- Education: Ecole Des Beaux Arts
- Website: https://www.robertberyart.com

= Robert Bery =

American artist

Robert Bery is a Manhattan-based artist working in a variety of mediums, including painting, photography, and sculpture. His work is held in many public and private collections. These include those of the Federal Reserve Bank, the Smithsonian, Alec Baldwin, Benjamin Bratt, David Bowie, Willem Dafoe, Alan Dershowitz, and the Clintons. Bery was the Lead Plaintiff in the successful Second Circuit court "Bery vs. City of New York" First Amendment case.

== Education ==
Bery's long-held view is that he is "self-taught", though he openly acknowledges his studies at the Ecole Des Beaux Arts in Paris and at the studios of Henry Moore and Jacques Lipchitz in Italy.
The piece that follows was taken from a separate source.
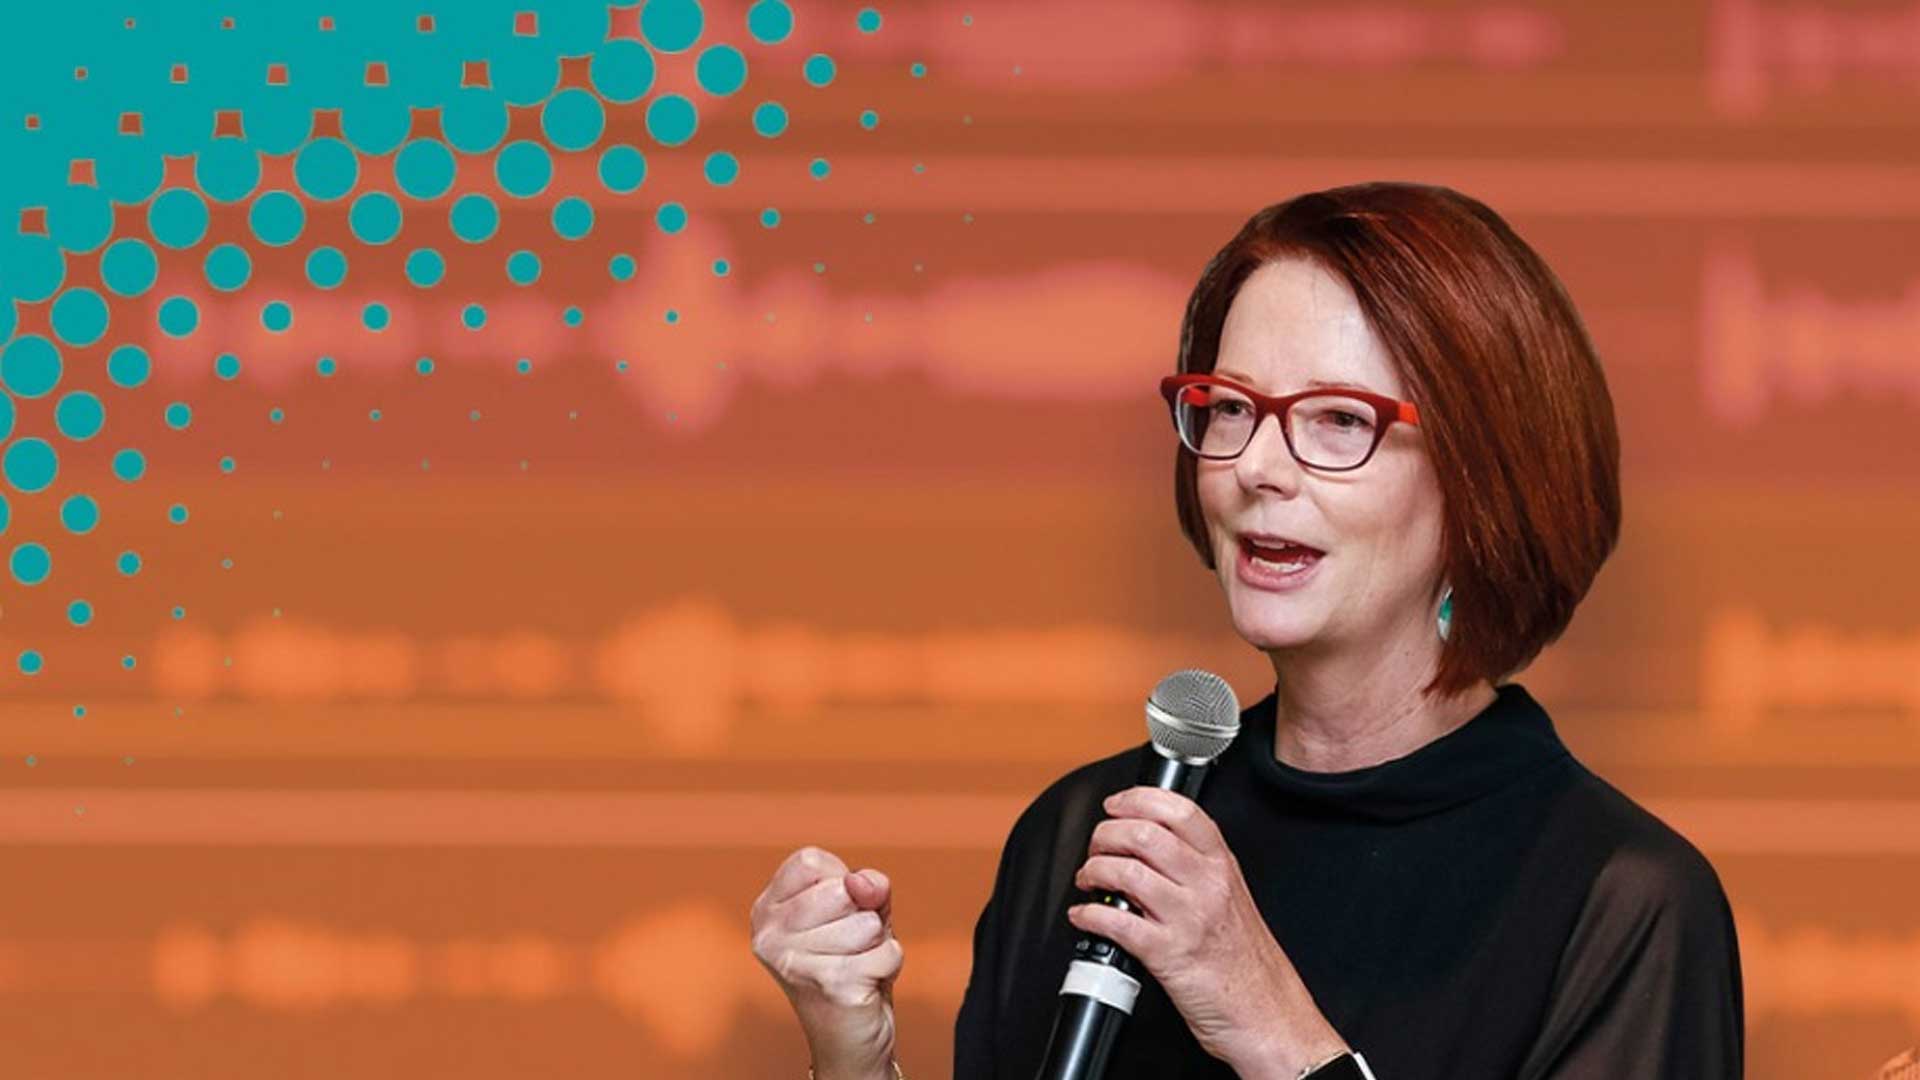 Julia Gillard speaking into a microphone against an orange backdrop

== "Bery vs. the City of New York" ==

Bery sued the City of New York in 1993 to fight against a law forbidding artists from selling their work on the streets without a vending license. While the case was initially denied, it was appealed and lasted for two years.

The case has been cited for precedent over 124 times since the Second District Court issued its decision in 1995. "The Second Circuit Court determined that the District Court had arrived at an erroneous conclusion, and reversed its decision by granting the artists' motion for a preliminary injunction. The case is significant for its inclusion of visual street art in the types of speech protected by the First Amendment. ...that, for purposes of content-neutral analysis, alternative channels for expression are inadequate if they are not widely available."

Villanova University published an article about Bery vs. New York in 1998 as part of the "Entertainment, Arts, and Sports Law" Digital Commons and the "First Amendment" Digital Common entitled "Bery v. New York: Do Artists Have a First Amendment Right to Sell and Display Art in Public Places"

One of Bery's personal statements about the court case, is that "...it is the biggest and most important art piece I have ever done, involving the most creativity, the most thought and energy, the most time and the biggest contribution I could make to the society."

== Artistic work ==

Bery's work can be found in many online collections, online and actual galleries and in many exhibitions each year, both in the US and abroad, including the Museum of Modern Art. He works with several art establishments in the Hamptons on Long Island, and in the Palm Beach County and South Florida areas. His "Pelican in Flight" Sculpture is at the entrance of the Barclay Club PGA National in Jupiter, Fl.

== Videography ==
Bery was near the World Trade Center on the morning of 9/11 and happened to catch somewhat rare footage of the tragedy along with New Yorkers' initial responses to it. He eventually sold this footage to CNN. The footage has been the subject of controversy among conspiracy theorists and is discussed on many subversive websites questioning whether CNN maintained objectivity in its coverage of 9/11 in the weeks following the terrorist attack. Bery himself has no involvement in any of the topic matter or the controversy.